In its policy statement, the administration said, "States may set one or more open-enrollment periods for coverage for children under age 19, but cannot allow insurers to selectively deny enrollment for children with a pre-existing condition while accepting enrollment from other children outside of the open-enrollment period."
HHS is considering creating a national open enrollment period, noted Office of Consumer Information and Insurance Oversight Director Jay Angoff. "We could do that, but we need to do it by regulation.

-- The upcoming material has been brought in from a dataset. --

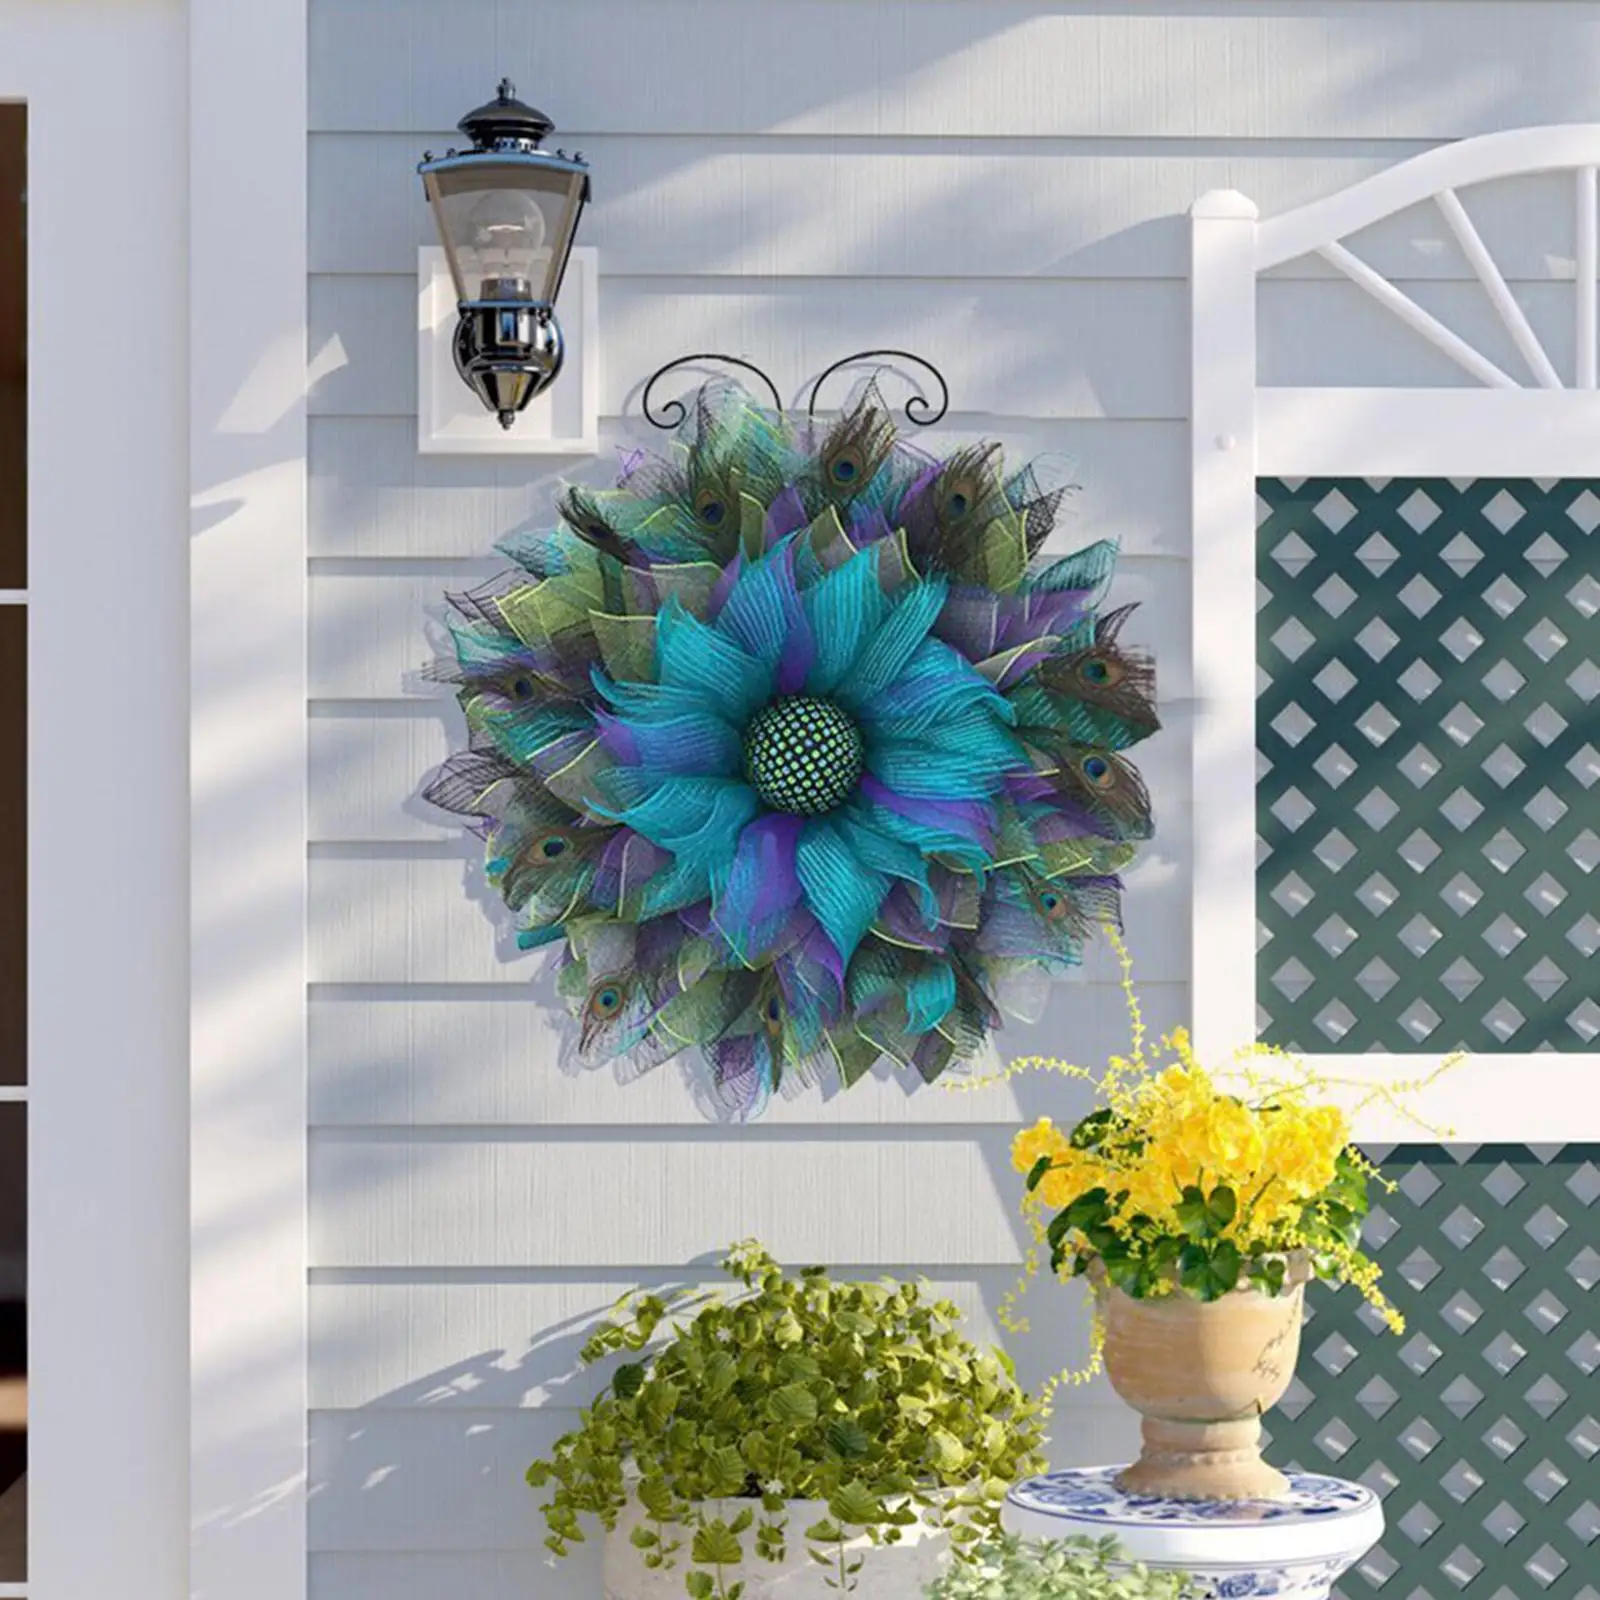 30cm Artificial Peacock Wreath Flower Garland for Front Door Wall Decorative

And the regulation would take some time," he told The Hill. "But that's something we're very seriously considering and talking to the industry about and if that would result in [companies restarting their coverage] I think that's something that would make a lot of sense."
Insurers reacted to the letter, Kaiser reports, claiming HHS "has created a powerful incentive for parents to defer purchasing coverage until after their children need it--which could significantly raise costs and cause disruptions for families whose children are currently covered by child-only policies," said Robert Zirkelbach, AHIP’s spokesman.
Some major insurers remain on the sidelines--and say they'll stay there until HHS changes its position. "We will no longer offer new child-only policies to help keep costs affordable for those covered by our individual and family plans--plans not offered by an employer," Cigna spokeswoman Gwyn Dilday told the Orlando Sentinel. "Existing child-only policies remain in effect. We'll continue to evaluate this policy and could reconsider changing this position as market dynamics change."